Your reply must contain the full listing below, reproduced exactly, but no pictures.

-------- Supplied data

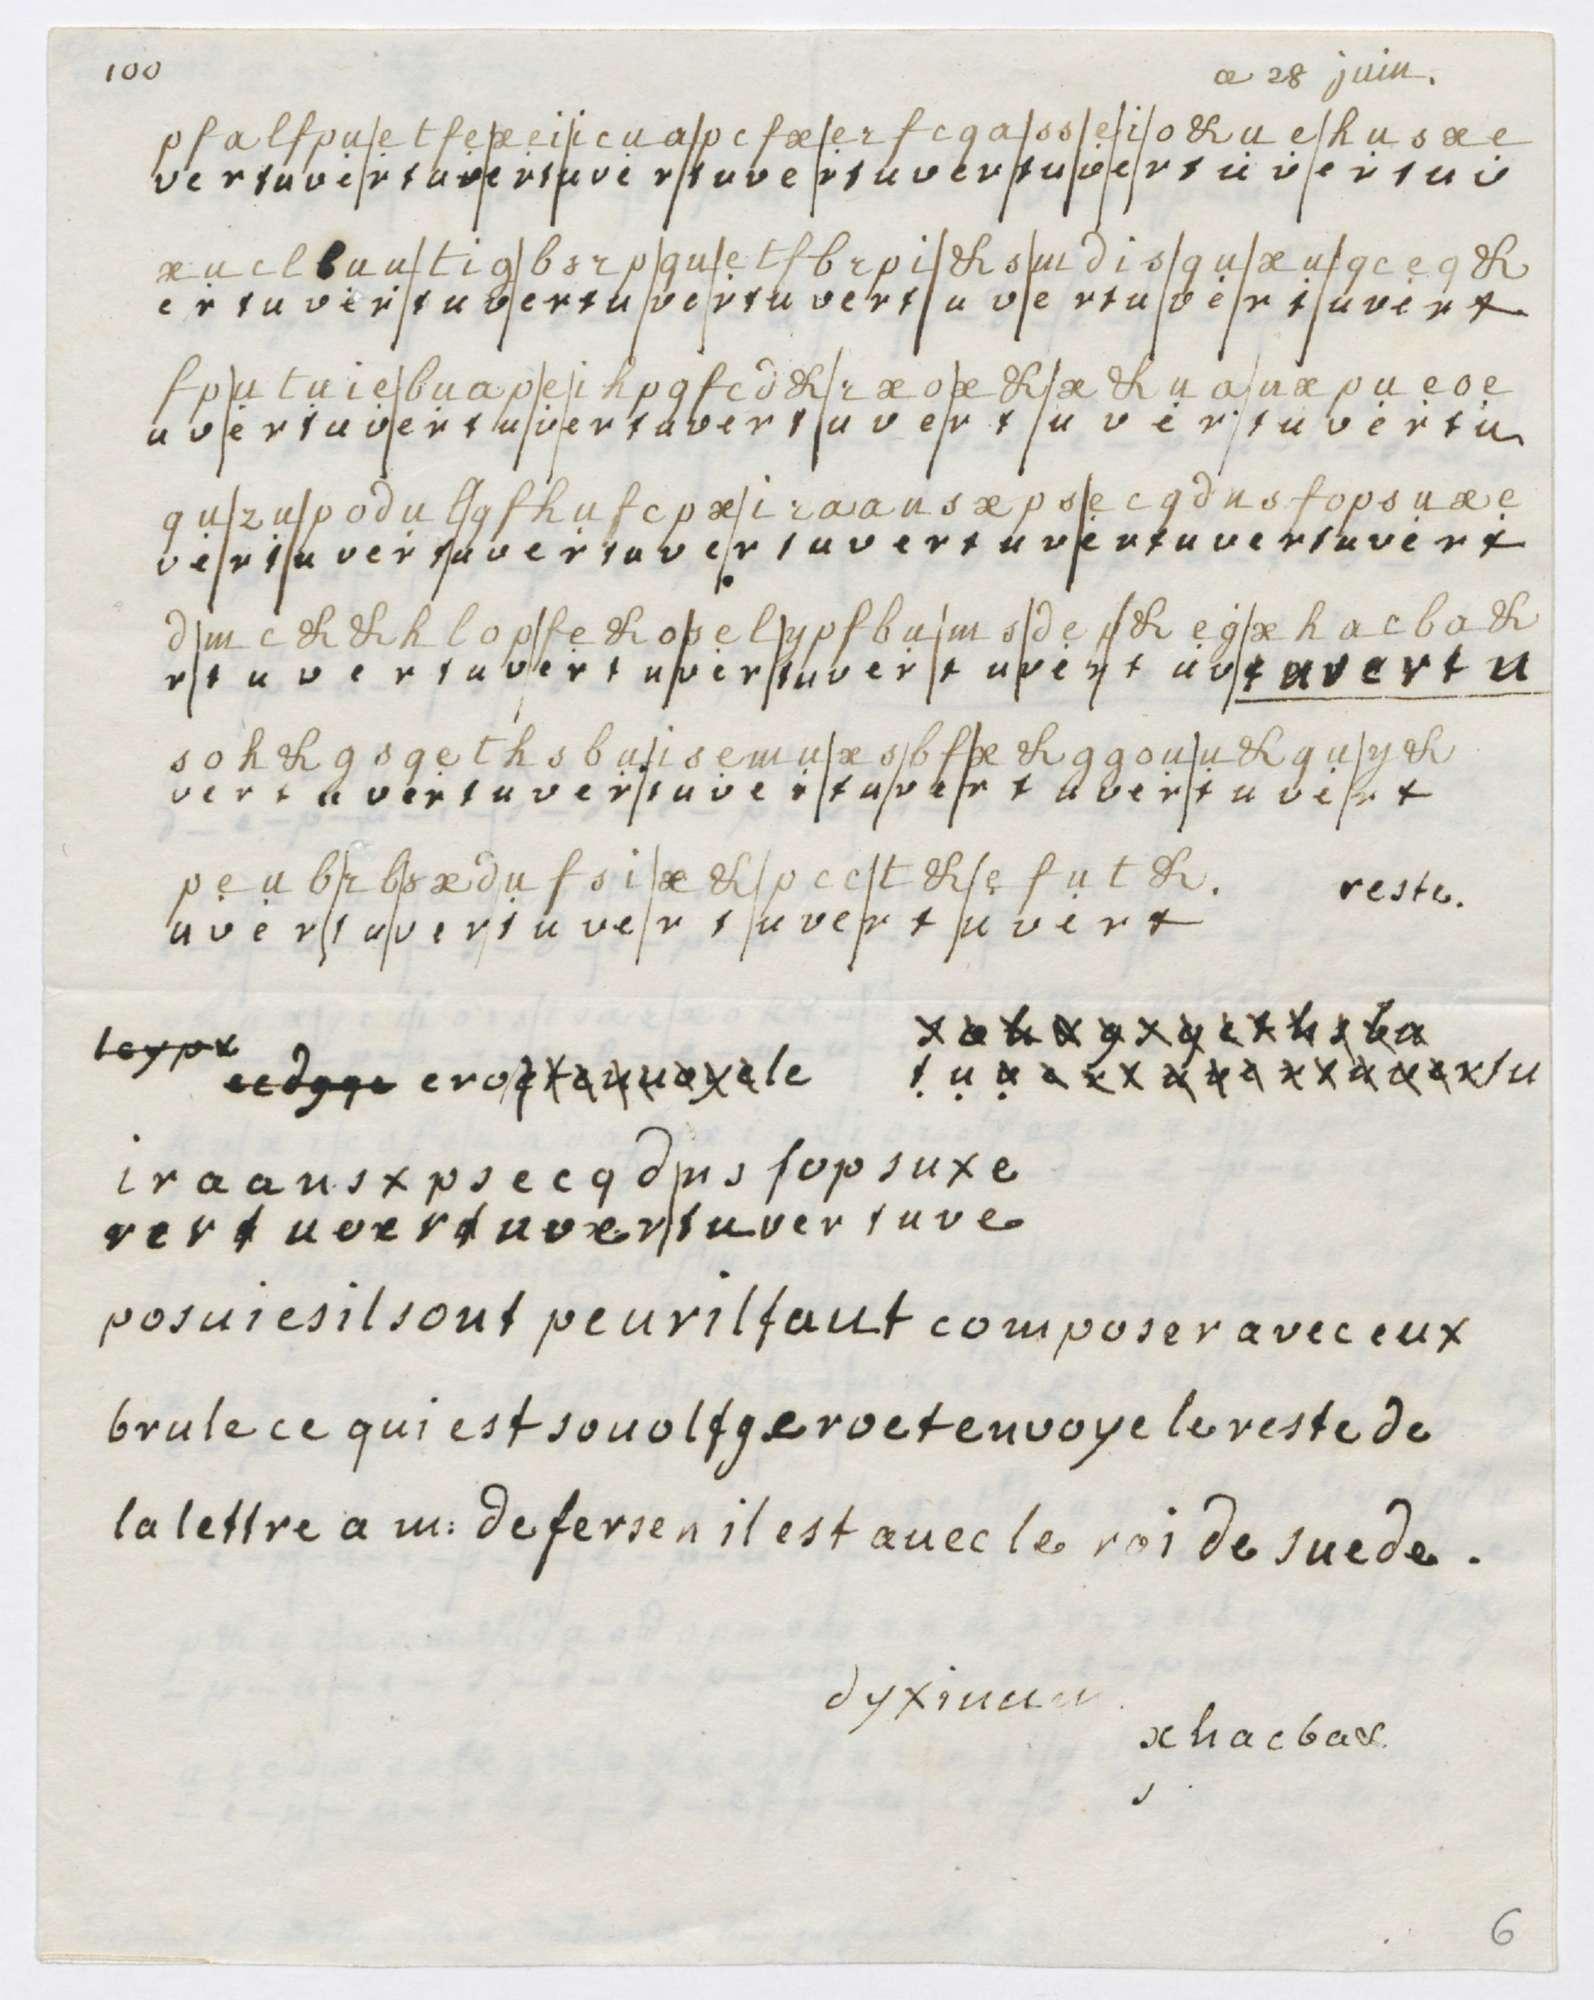 *Lettre cryptée échangée entre la reine Marie-Antoinette et le comte Axel de Fersen,\ datée du 28 juin 1791 - AN440AP/1, dossier 1, pièce 6, page 1*.
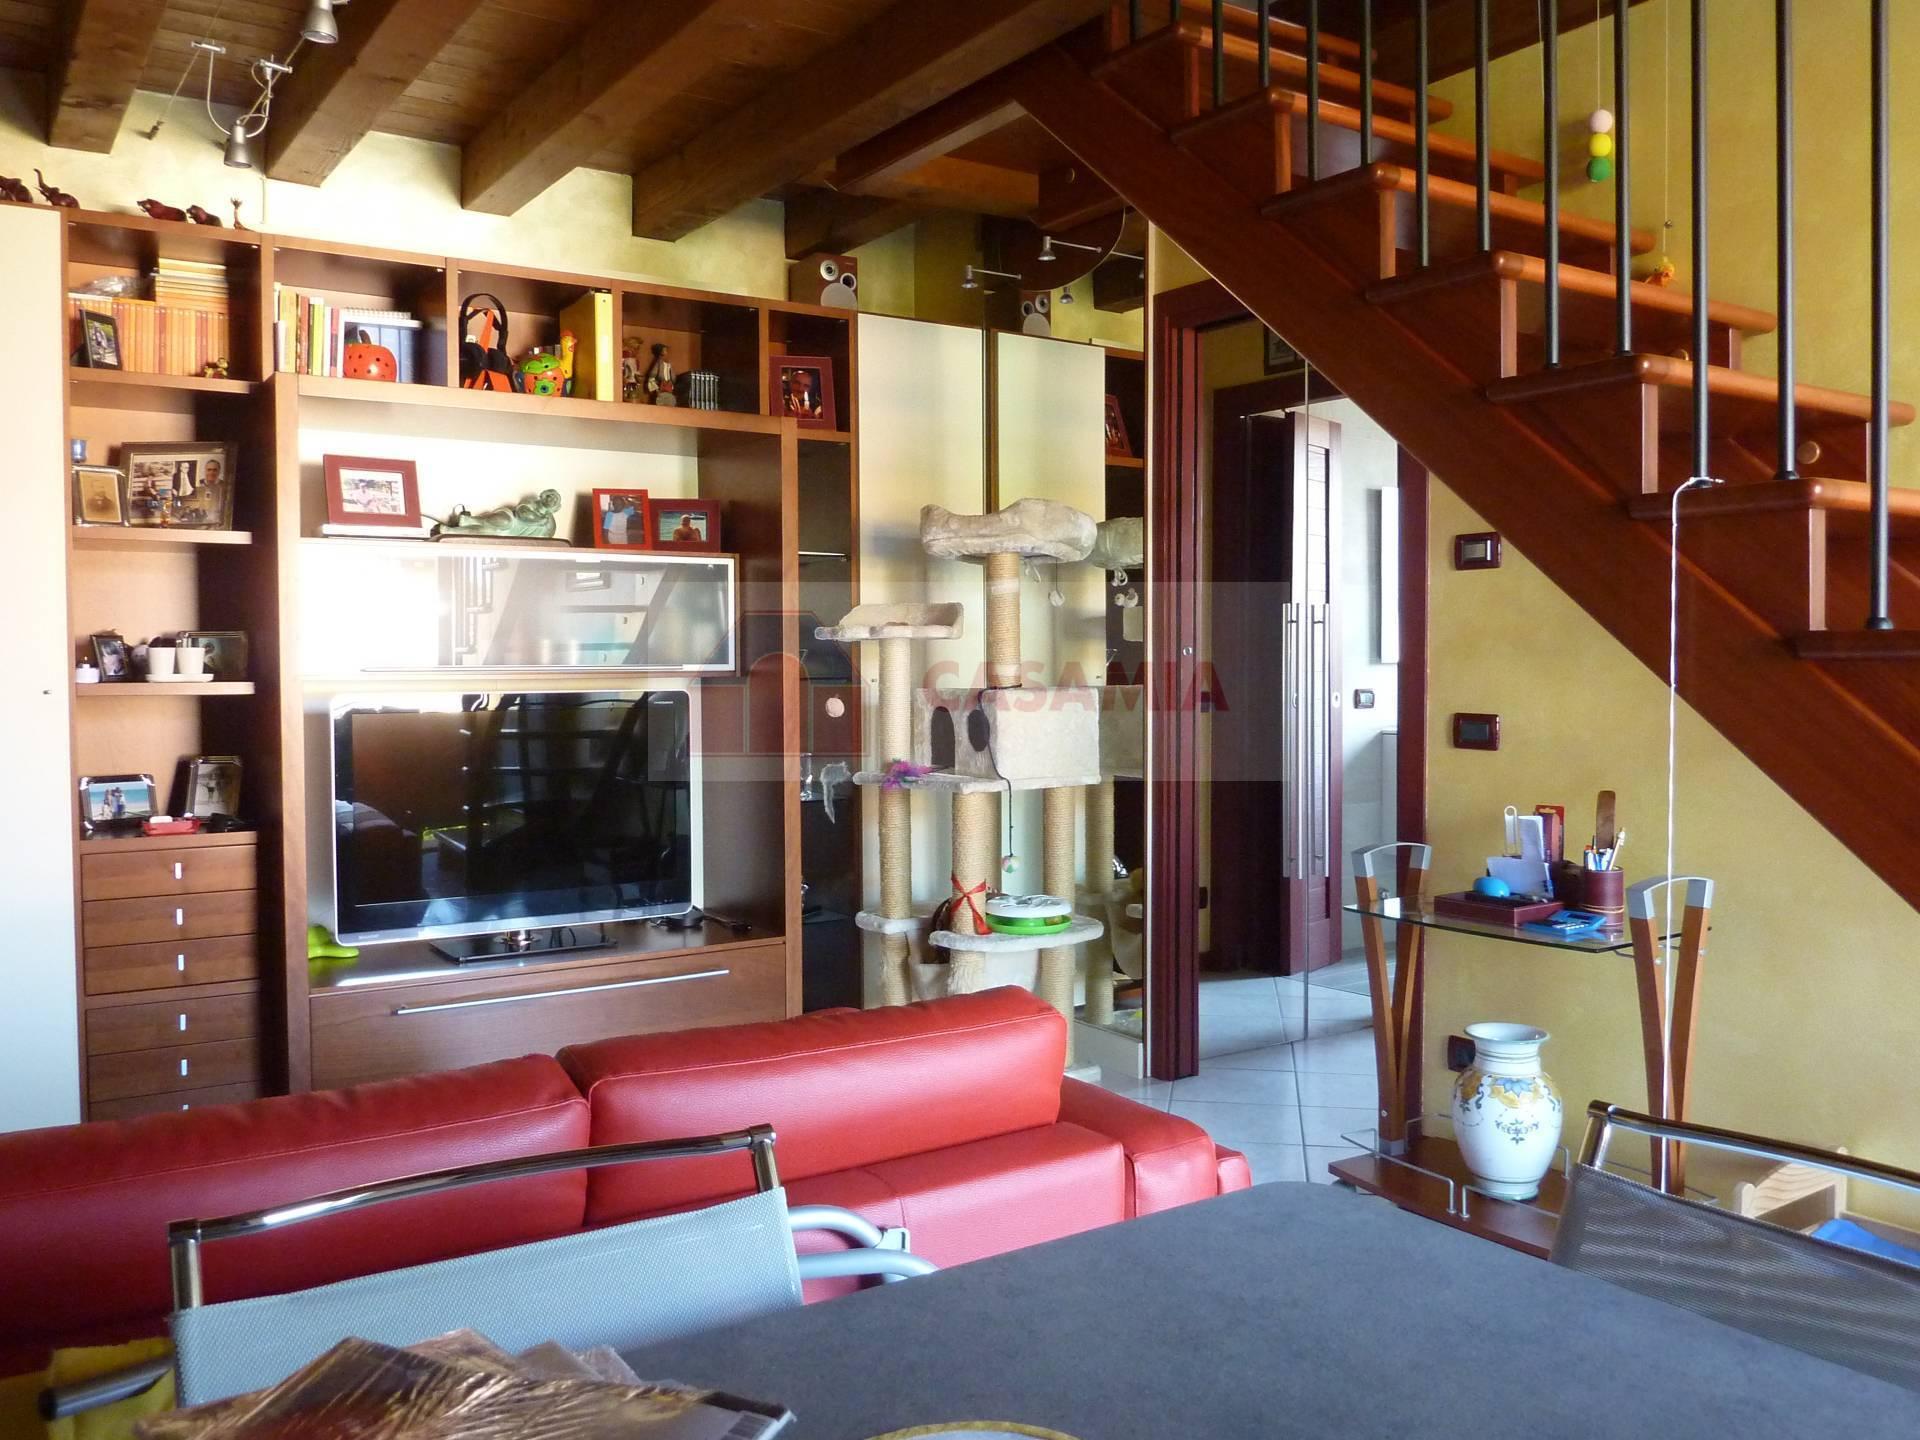 Appartamento in vendita a Salgareda, 2 locali, prezzo € 110.000 | CambioCasa.it
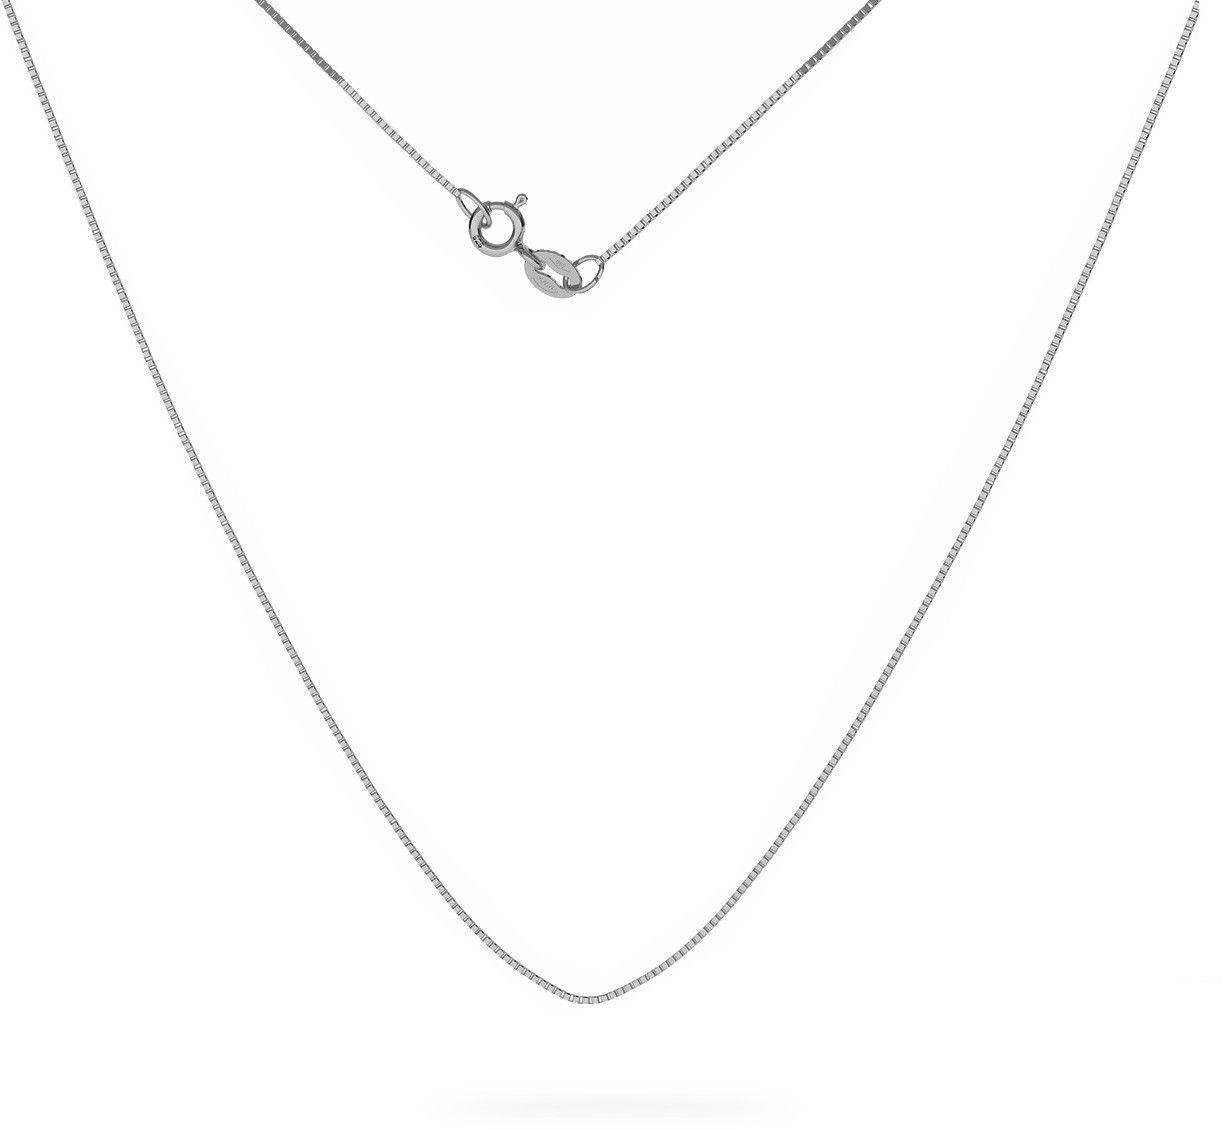 Srebrny łańcuszek kostka diamentowana, srebro 925 : Długość (cm) - 50, Srebro - kolor pokrycia - Pokrycie platyną

----------------

Answer:
 *Lettre cryptée échangée entre la reine Marie-Antoinette et le comte Axel de Fersen,\ datée du 28 juin 1791 - AN440AP/1, dossier 1, pièce 6, page 1*.
 Appartamento in vendita a Salgareda, 2 locali, prezzo € 110.000 | CambioCasa.it
 Srebrny łańcuszek kostka diamentowana, srebro 925 : Długość (cm) - 50, Srebro - kolor pokrycia - Pokrycie platyną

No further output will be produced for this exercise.